[What needs to be done]
Omitting all images, set down every line below exactly as it appears.

[Data shown]
┄┄┄┄┄┄┄┄┄┄┄┄┄┄┄┄┄┄┄┄
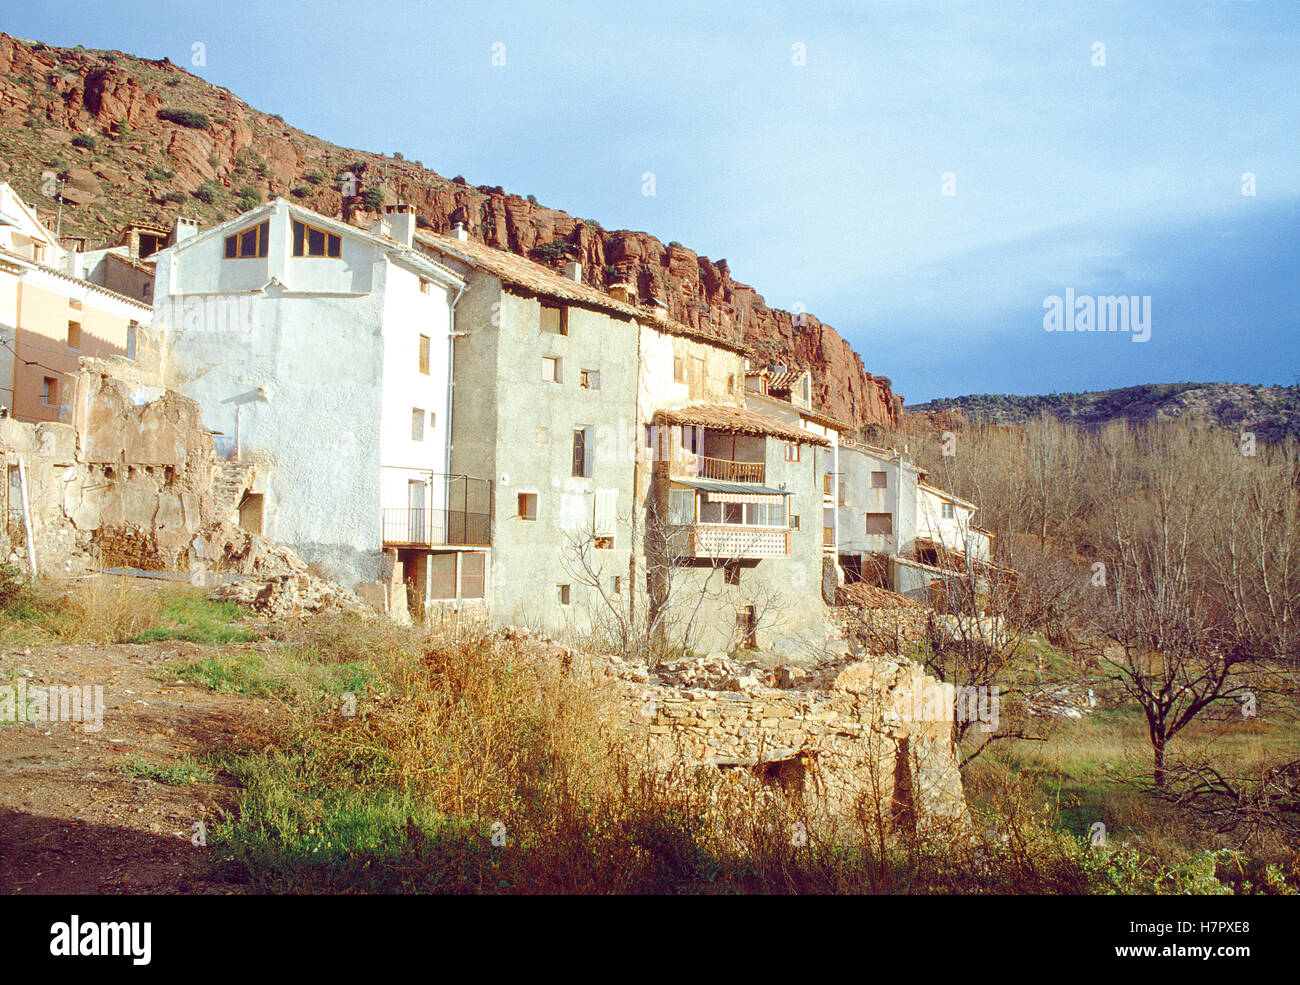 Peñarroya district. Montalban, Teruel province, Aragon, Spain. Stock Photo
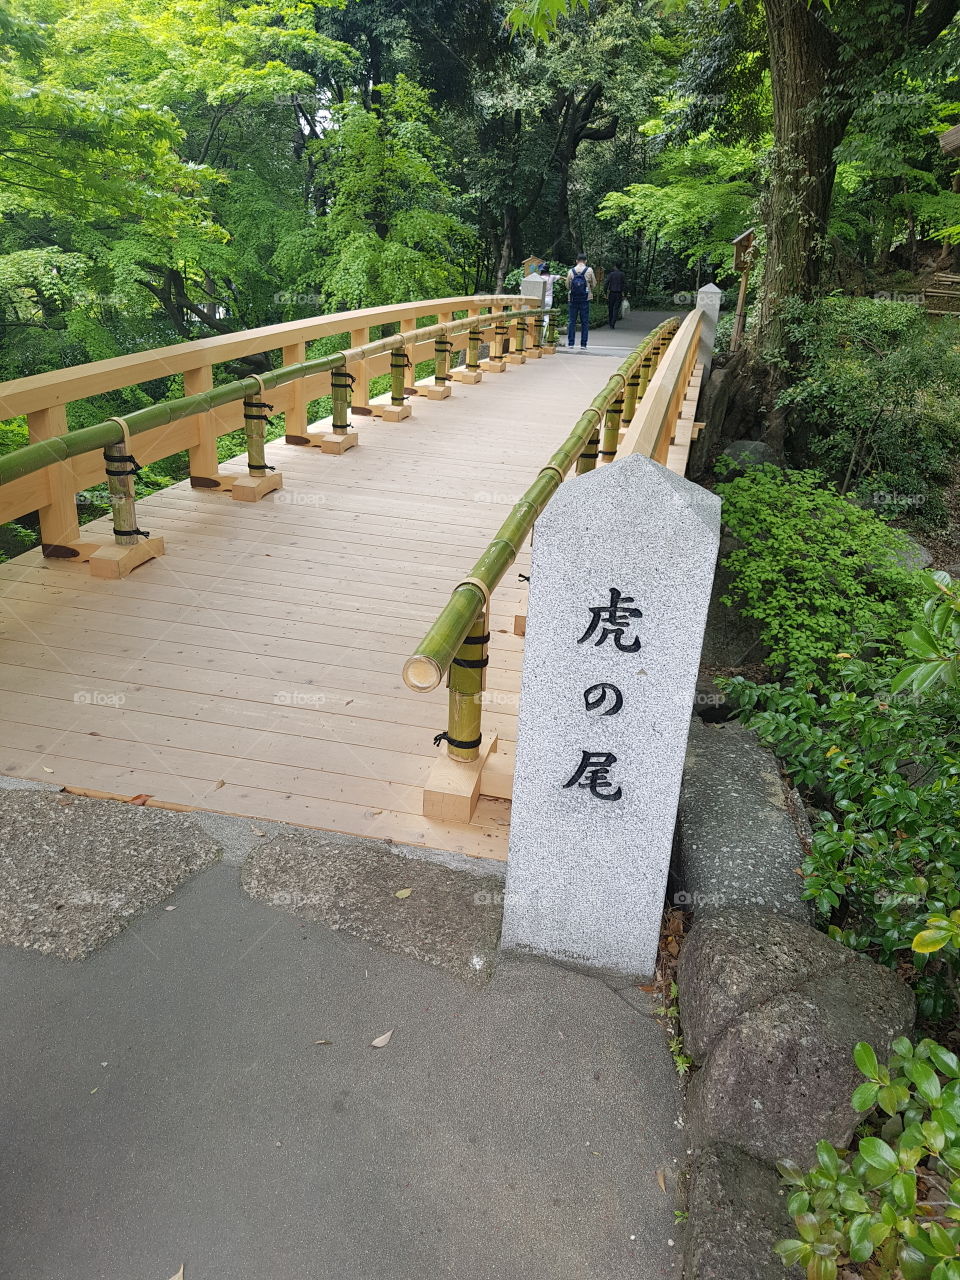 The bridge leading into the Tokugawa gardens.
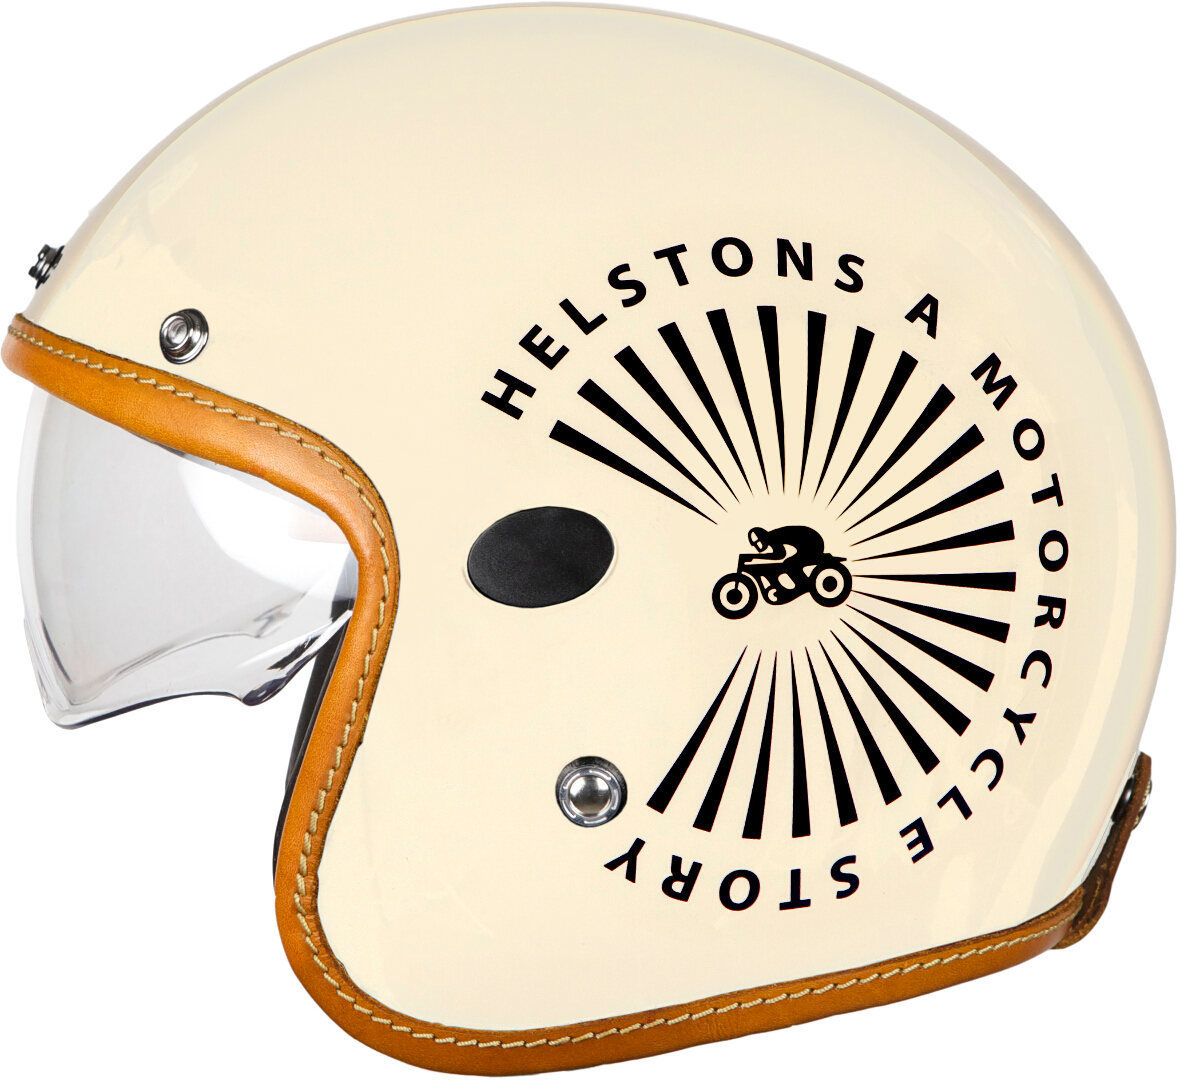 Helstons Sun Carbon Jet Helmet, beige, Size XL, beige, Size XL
┄┄┄┄┄┄┄┄┄┄┄┄┄┄┄┄┄┄┄┄
[Response box]
 Peñarroya district. Montalban, Teruel province, Aragon, Spain. Stock Photo
 The bridge leading into the Tokugawa gardens.
 Helstons Sun Carbon Jet Helmet, beige, Size XL, beige, Size XL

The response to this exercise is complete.